▶ [YOUR ASSIGNMENT]: Please copy all of the data that follows exactly, leaving any pictures out.

▶ [PROVIDED DATA]:

---

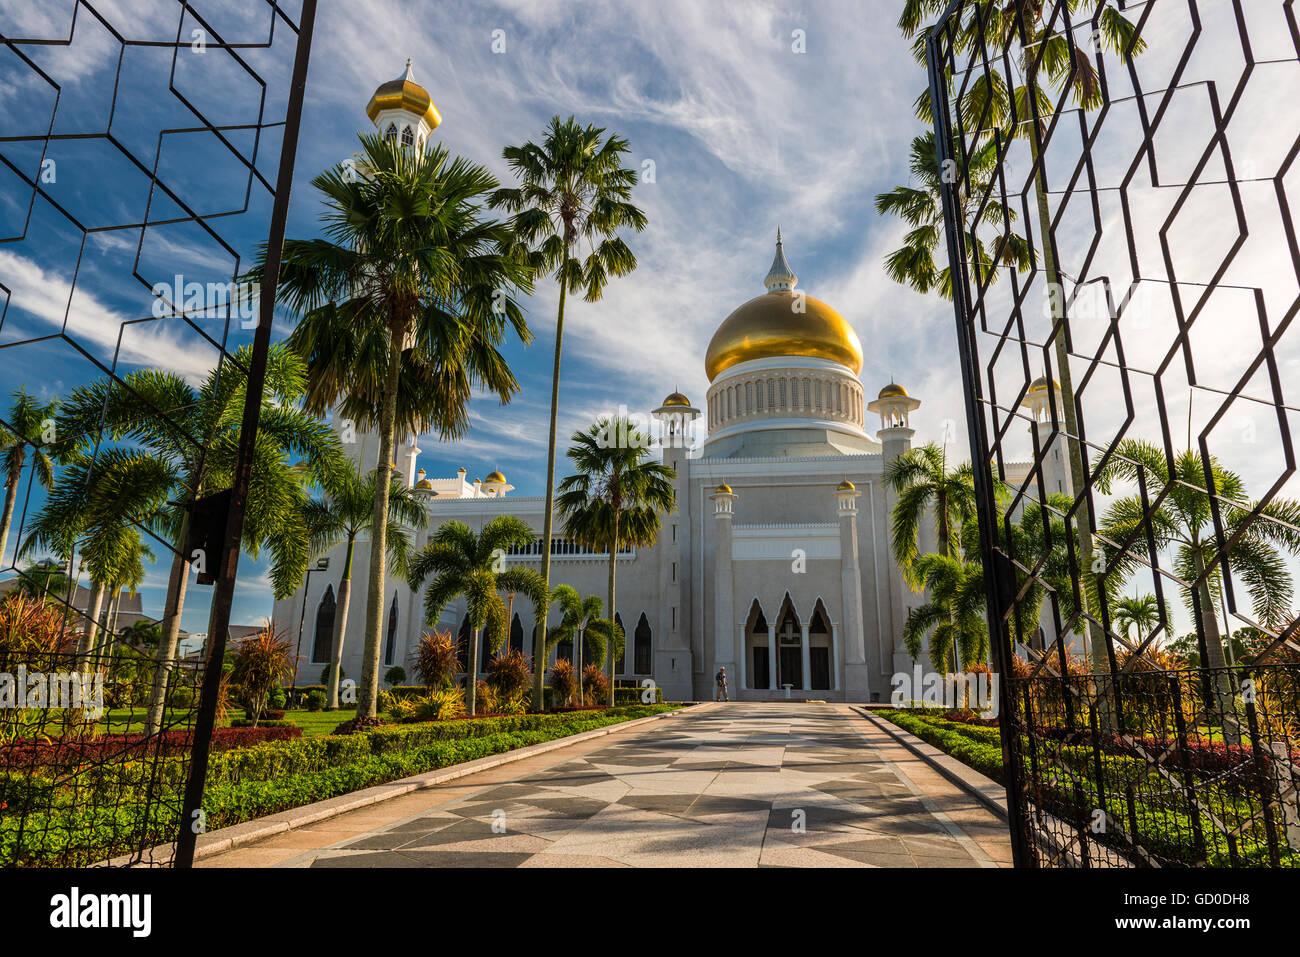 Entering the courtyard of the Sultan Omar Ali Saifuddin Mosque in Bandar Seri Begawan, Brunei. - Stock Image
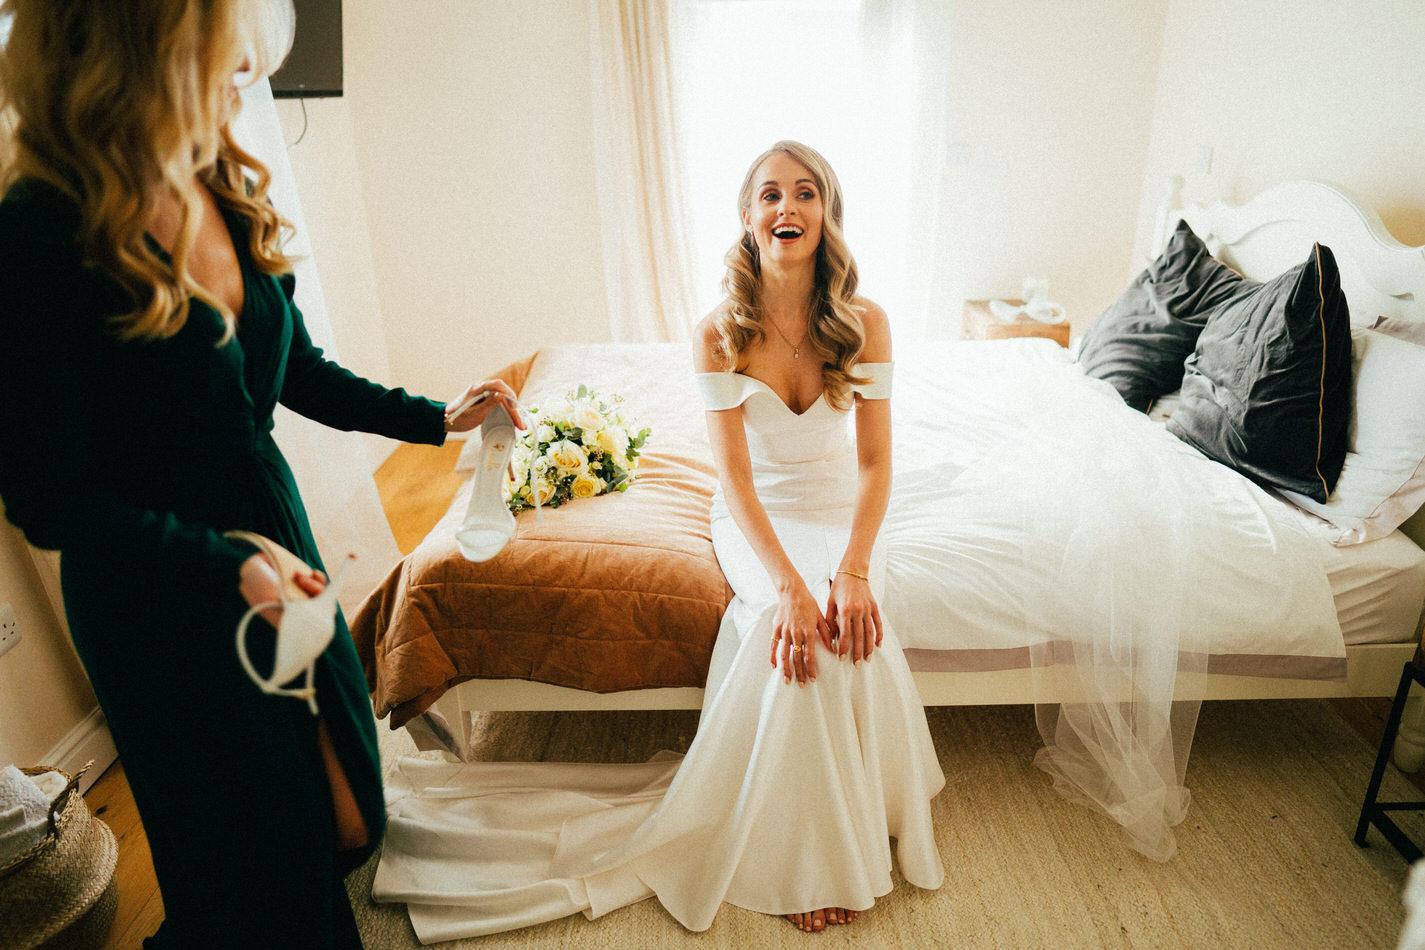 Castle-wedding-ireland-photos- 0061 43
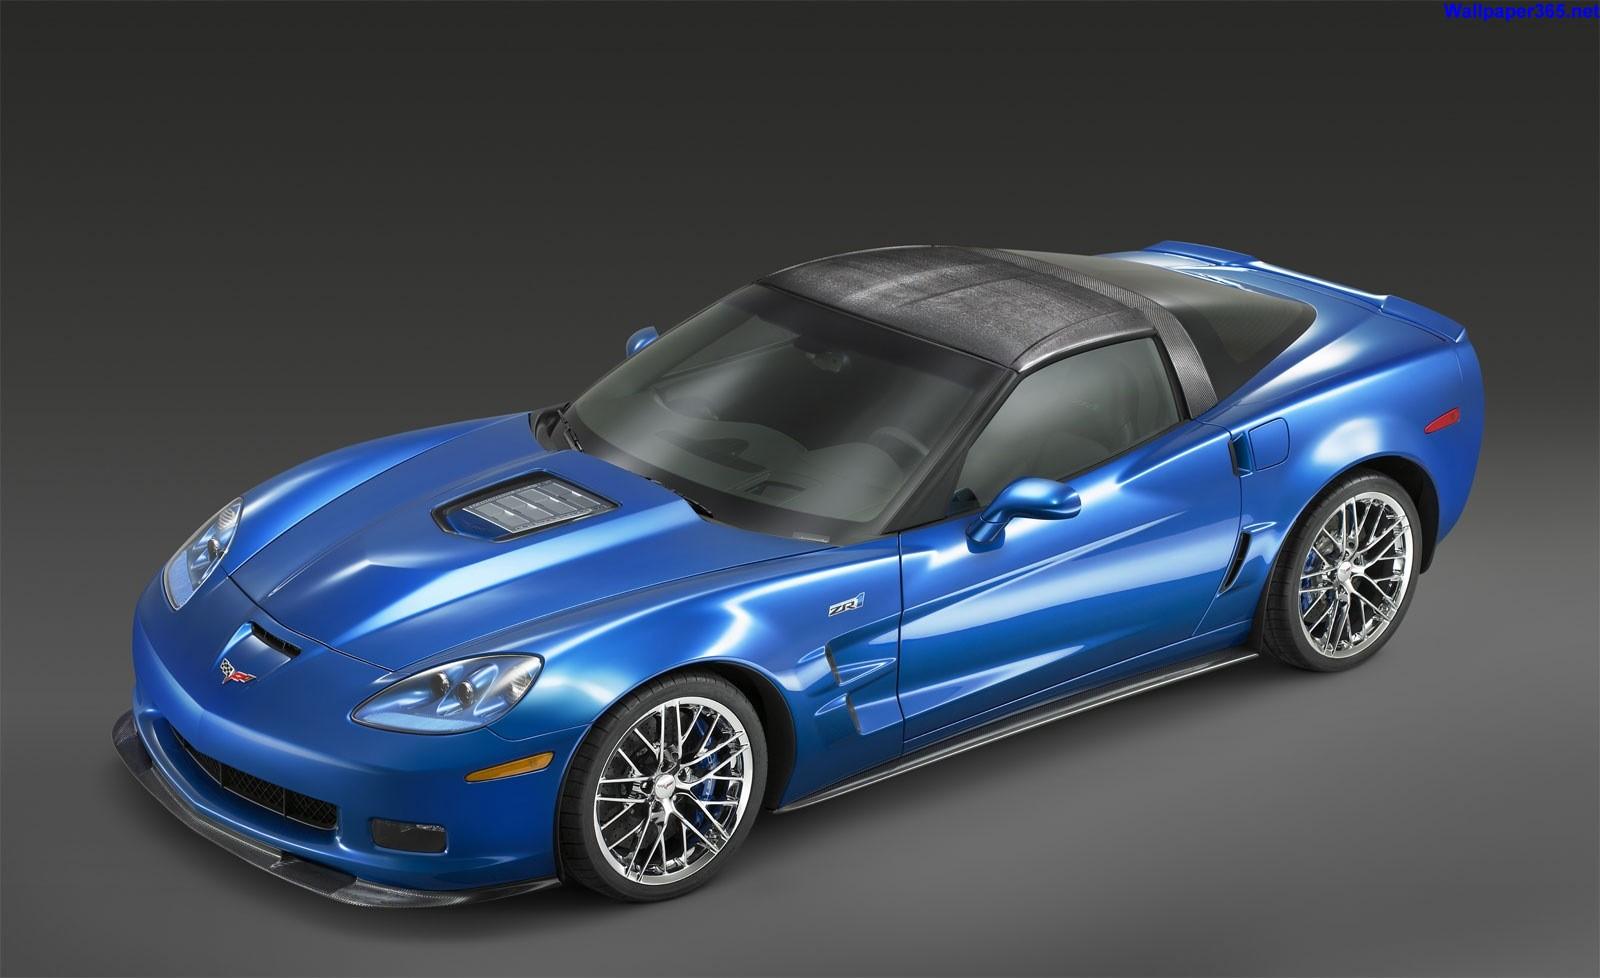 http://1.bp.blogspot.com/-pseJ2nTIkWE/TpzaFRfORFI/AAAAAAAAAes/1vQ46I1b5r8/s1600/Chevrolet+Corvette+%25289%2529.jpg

---

▶ [RESPONSE FOR THIS EXERCISE]:
 Entering the courtyard of the Sultan Omar Ali Saifuddin Mosque in Bandar Seri Begawan, Brunei. - Stock Image
 Castle-wedding-ireland-photos- 0061 43
 http://1.bp.blogspot.com/-pseJ2nTIkWE/TpzaFRfORFI/AAAAAAAAAes/1vQ46I1b5r8/s1600/Chevrolet+Corvette+%25289%2529.jpg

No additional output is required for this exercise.